Cog model railways

Discussion in 'Getting Started' started by nkp174, Mar 1, 2008.

  1. nkp174

    nkp174 Active Member

    I've recently been checking into cog railway models...and not finding much. What I have found is a video on youtube of an "HOn3" rack & pinion setup consisting of a locomotive and a coach. There is a second video with a Thomas the Tank engine cog locomotive...both videos are Japanese. I've been unable to find these on the internet. Anyone have any ideas?

    Otherwise, I am familiar with the LGB cogs...but I'm hoping to find something HO scale. I've also ridden cog railways in both Switzerland and at Pikes Peak.

  2. Mountain Man

    Mountain Man Active Member

    Sounds like a very challenging scratch-building project, roughly on a par with the early California desert monorails.
  3. doctorwayne

    doctorwayne Active Member

    Sounds like an oversize axle gear would work for the pinion part of the equation, although cramming the rest of the gearing into an HOn3 loco might be a bit of a challenge. If you could find a "pancake" motor that ran slowly enough (and smoothly enough), it might save some space. The rack might be more difficult. In one of the mills where I worked, we had cutting torches that ran on a long track (basically an inverted "U") that utilised the rack and pinion idea - these were about 20' long, in 10' sections. The rack was steel, about 3/8" wide, but I imagine it would also be pretty expensive. You might want to check out old typewriters for rack material - these can be had for next to nothing nowadays. ;):-D

  4. nkp174

    nkp174 Active Member

    Hmm...interesting ideas...

    I was primarily looking for RTR or a kit...but an oversize axle gear would definitely do the job. A rack can be obtained from Fleishmann whom I've found offers an N-scale cog system.

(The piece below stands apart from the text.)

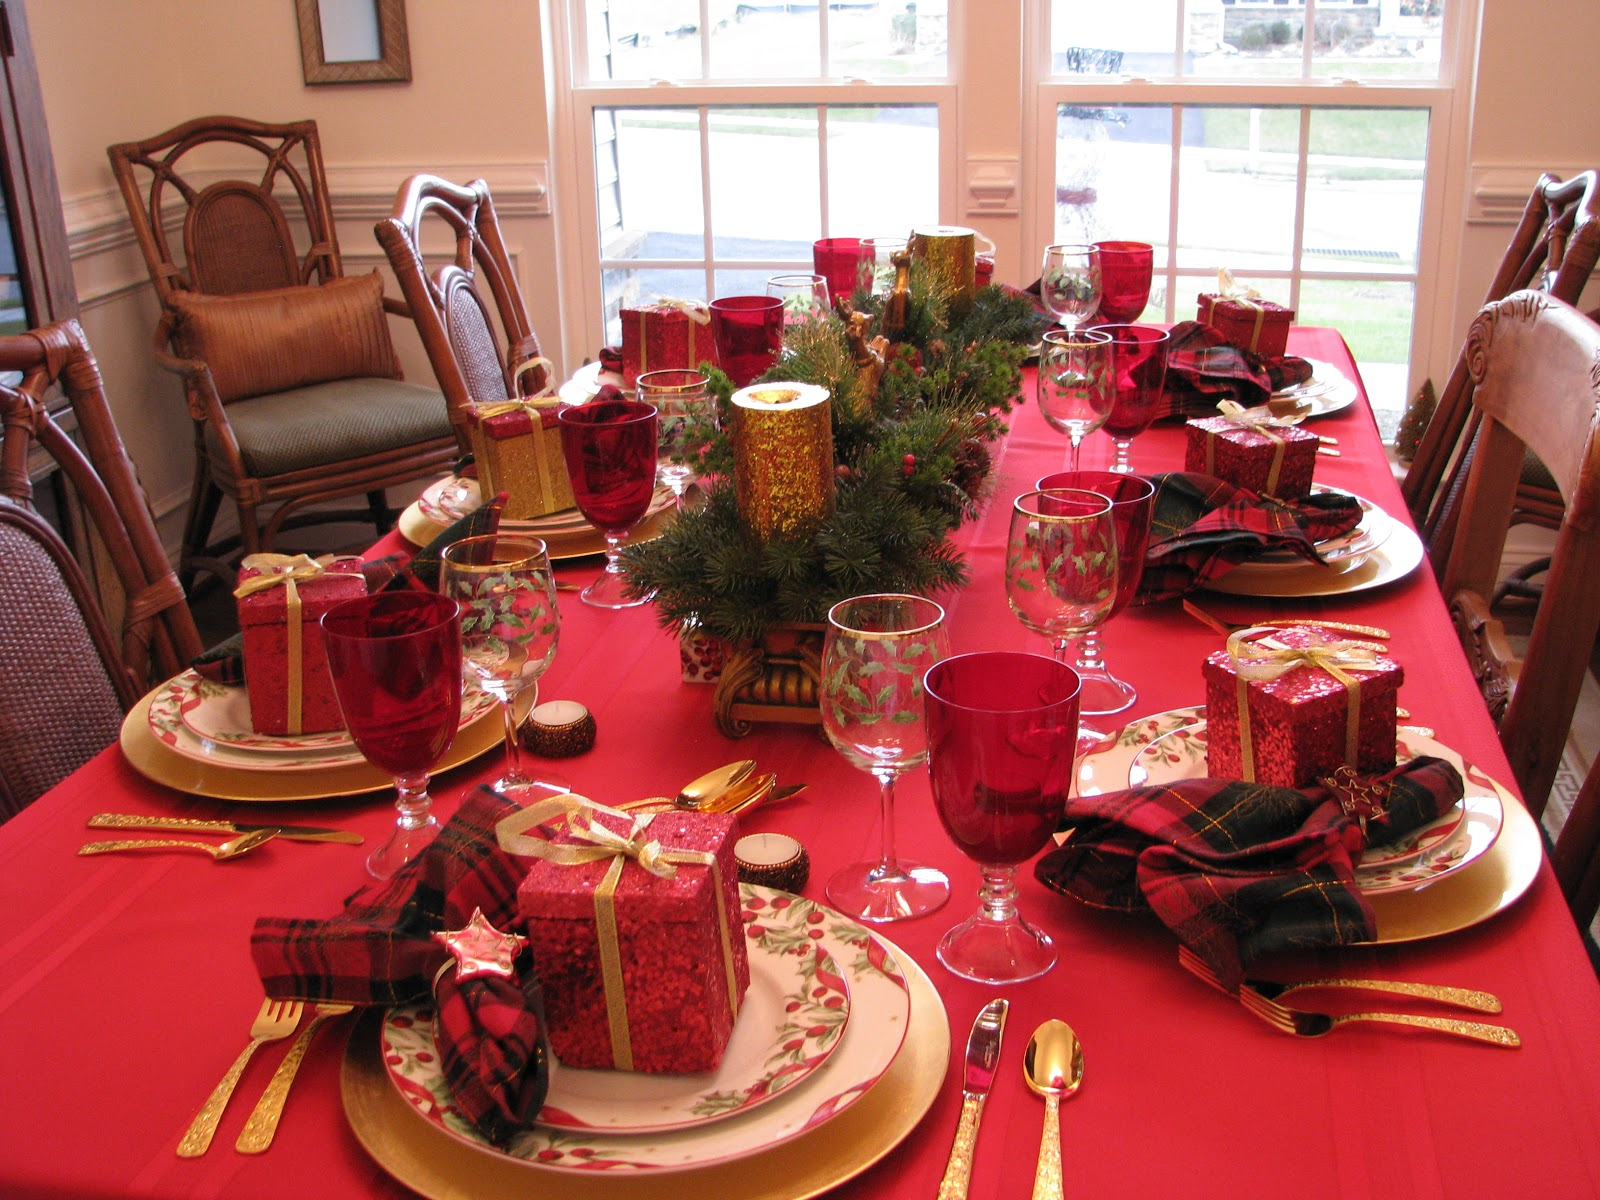 Christmas Eve Dinner Table Decorations

    Primarily what I'm looking into this for is that we will probably be having an addition to our family before too long, so I've got to start thinking about the Thomas the Tank Engine layout. My inclination is to build a loop for the 4-6-2s and 4-6-0s, as well as a branchline for Thomas, and perhaps a small cog railway. I'm also debating over whether to use Atlas code 100 track, peco streamline track, or to use atlas code 83 and get a lathe to cut down the flanges on my OO scale british trains.

    I'd love to add a cog railway to it...but I'd prefer to have either a realistic cog locomotive...or "Godfred", the Thomas cog locomotive.

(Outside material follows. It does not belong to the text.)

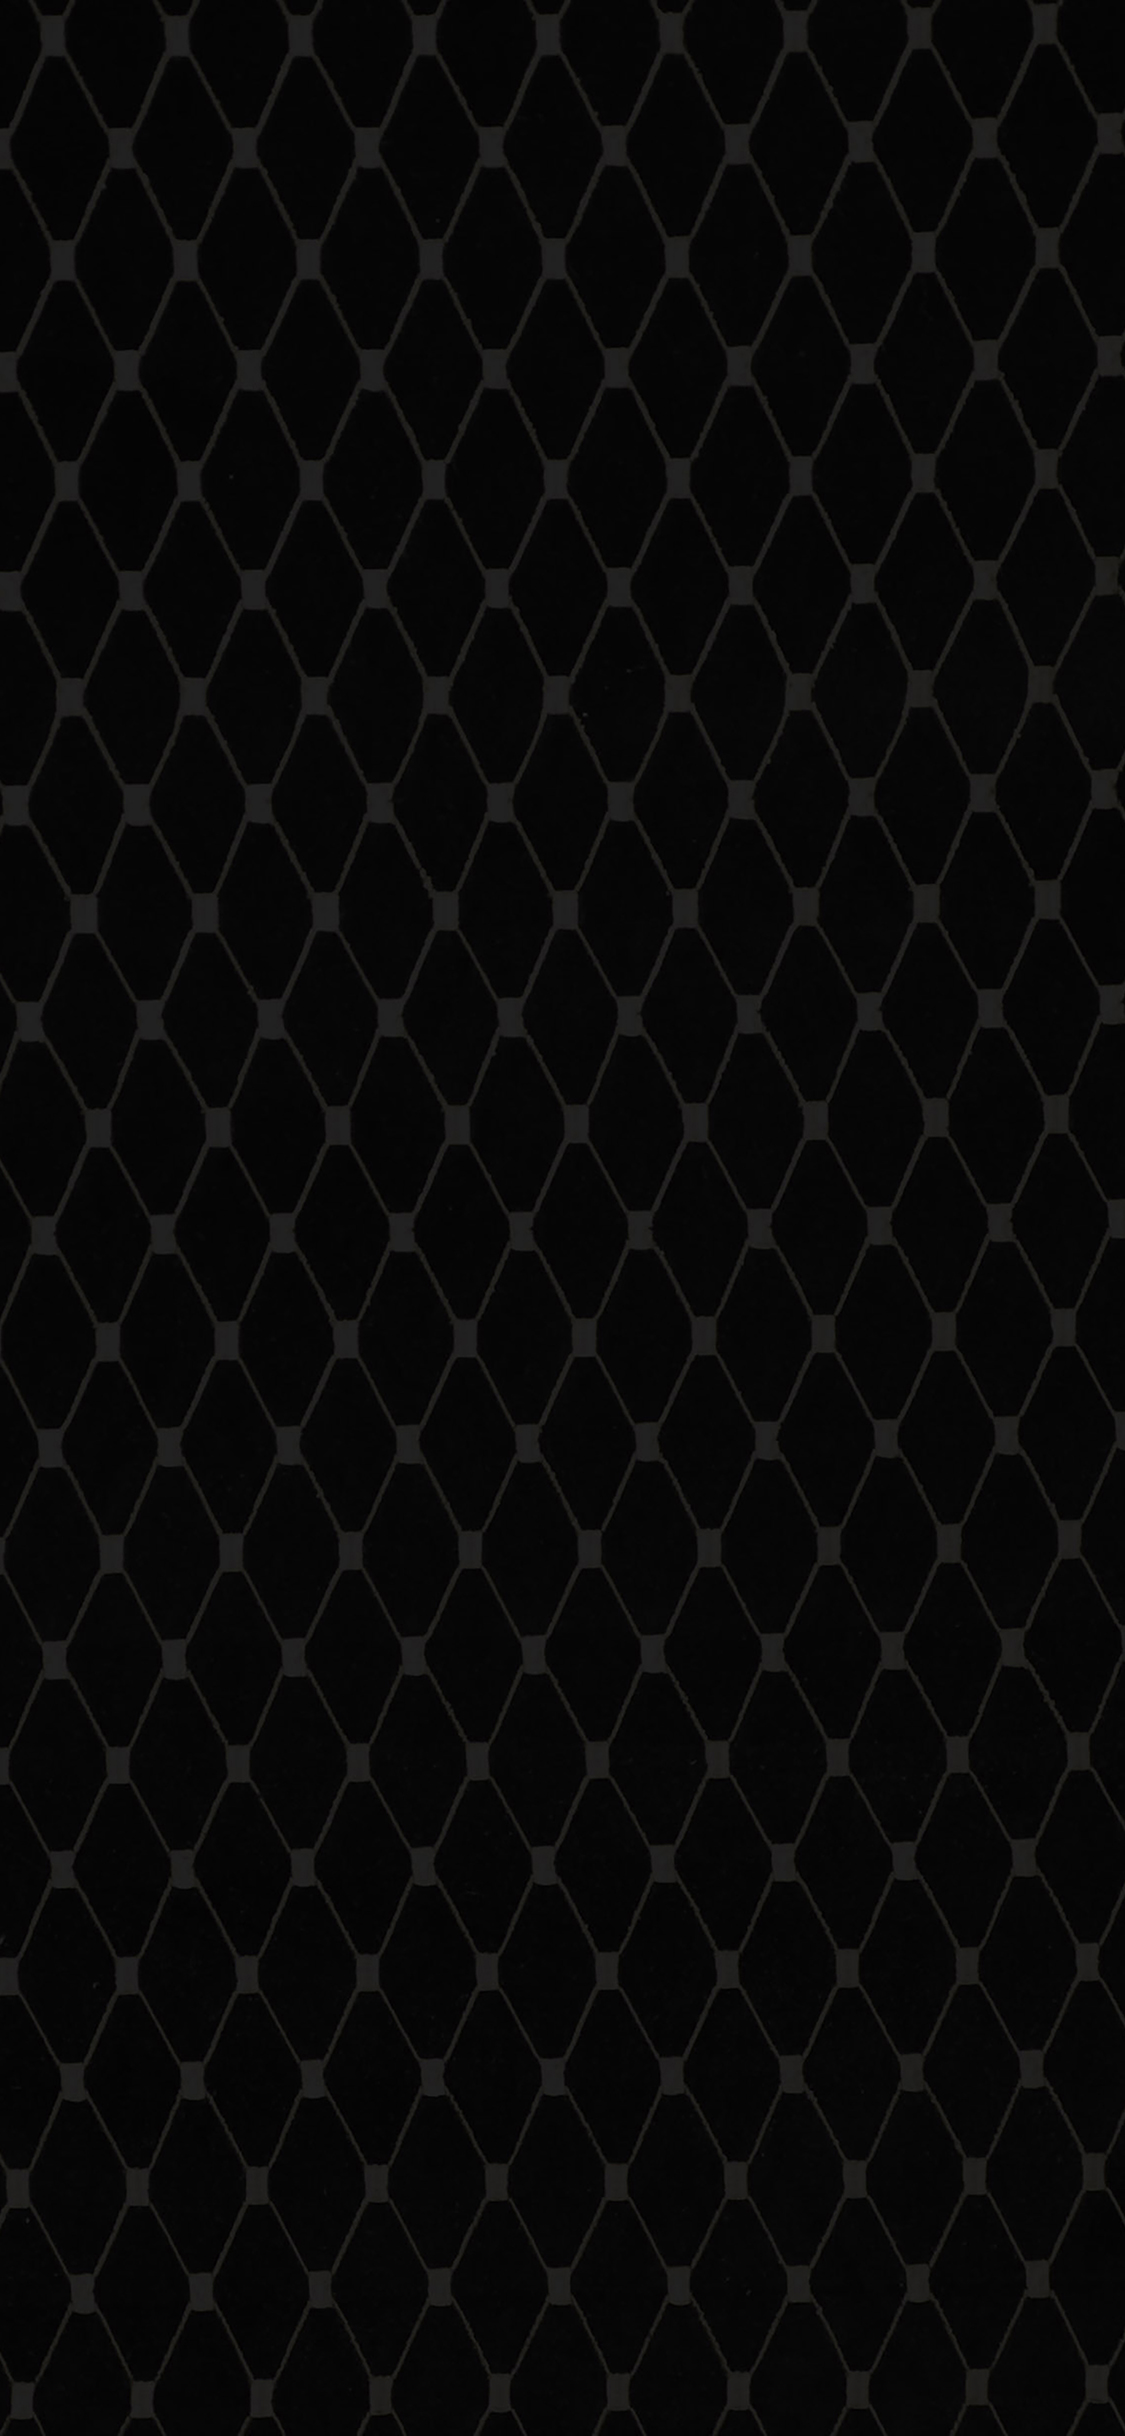 vb23-wallpaper-bang-goo-dark-pattern - Papers.co

    Perhaps I'll pick up a Bachmann N-scale dockside, add a new axle gear, build a new boiler/cab, and drop it onto Fleishmann's rack track.

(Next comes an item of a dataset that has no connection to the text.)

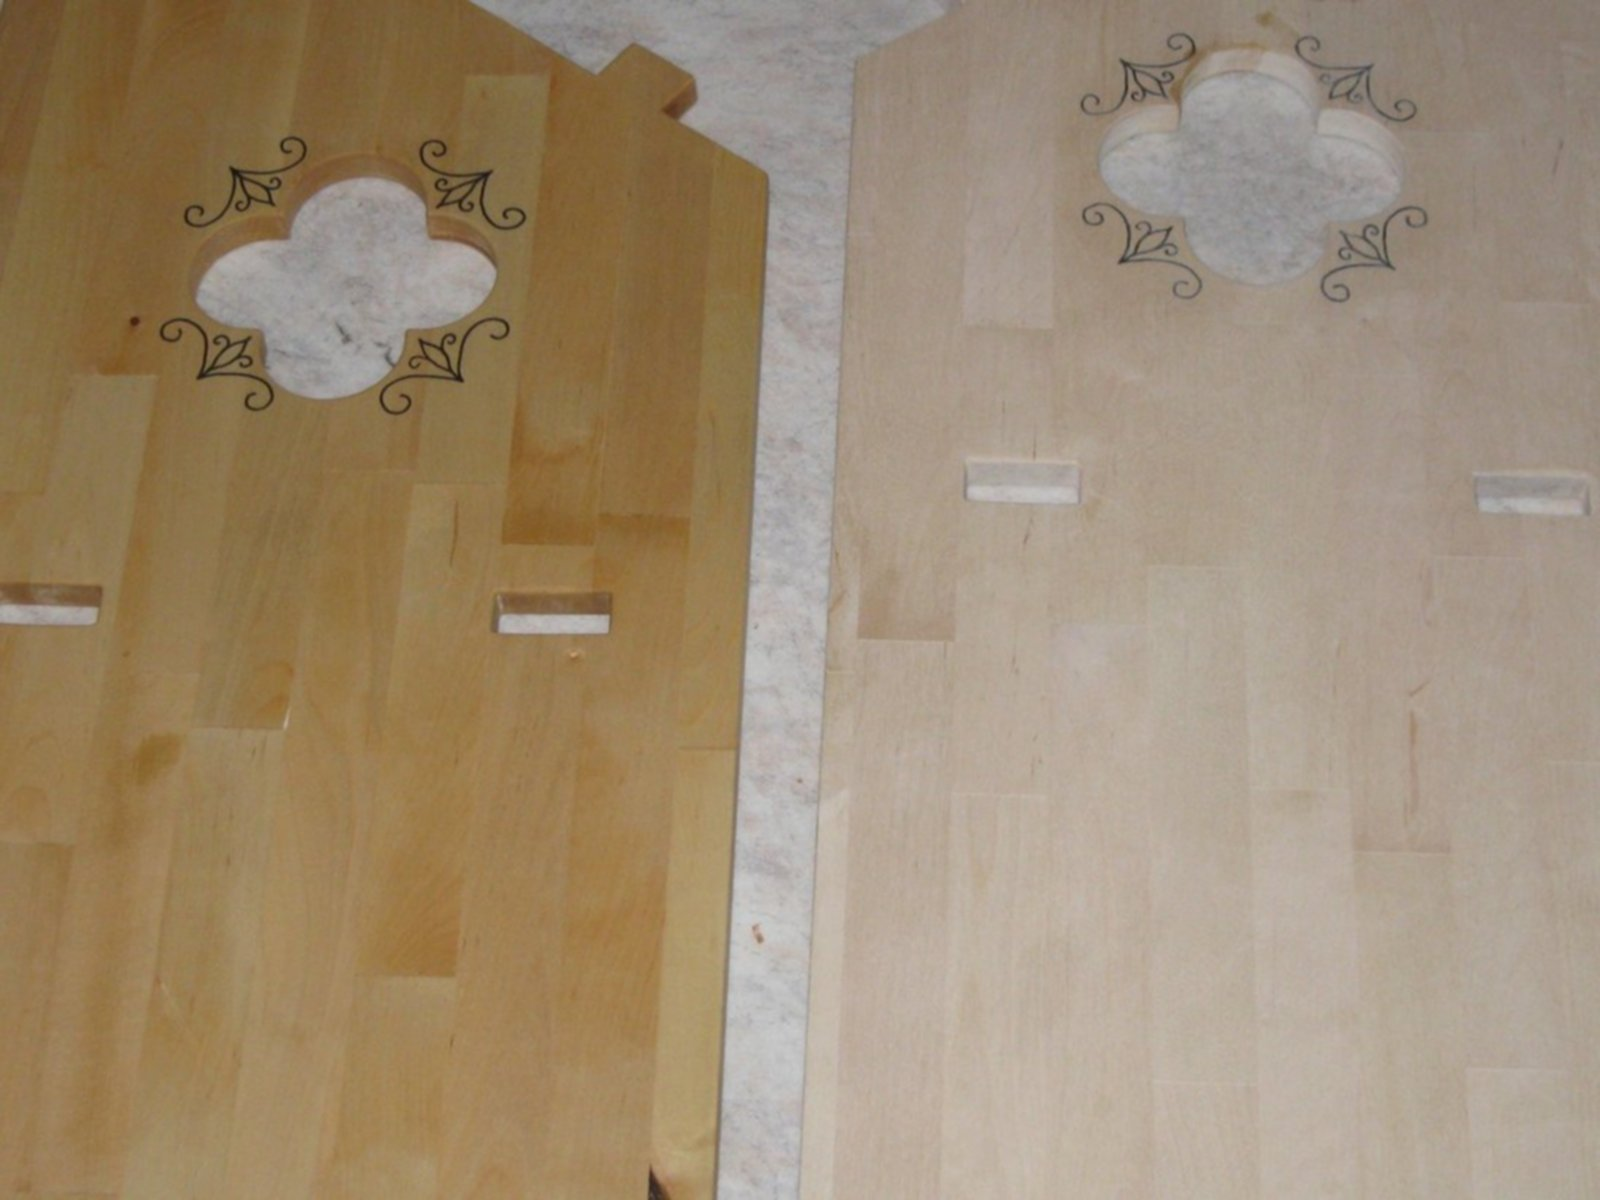 scriptorium romani m bel schreibpult. Black Bedroom Furniture Sets. Home Design Ideas

    I'd then add an automatic reversing unit and then it wouldn't require attention.
  5. doctorwayne

    doctorwayne Active Member

    I've had good success turning down oversize flanges using a cut-off disk in a Dremel. You don't even need to disassemble the loco in most cases, but you do have to ensure that none of the cutting residue ends up in the mechanism. For the drivers, position the loco so that the cuttings drop away from the loco - a vacuum cleaner nozzle suitably positioned can help, too. Apply power to the loco so that the drivers are turning at about half speed, then, with the cut-off disk running at high speed, gently touch the side of the disk to a wheel flange. Do not touch the edge of the disc to the wheel at any time, and use only light pressure. It's also a good idea to alternate between drivers in order to avoid overheating any of them, an important consideration in all cases, but even moreso with plastic driver centres. To turn down the flanges on non-powered wheels, remove the axle from the loco, then chuck one wheel in an electric drill, while using the Dremel to turn down the flanges on the opposite wheel.
    I used this method to turn the flanges on this IHC Mogul: the new, low-profile flanges are not knife-edged like regular flanges, but the loco still tracks beautifully on my code 83 track, and would probably work on code 70, too.

  6. nkp174

    nkp174 Active Member

    Wayne, thank you for the great idea! I can also use that technique on my old rivarossi it'll stop bouncing on code 83 track.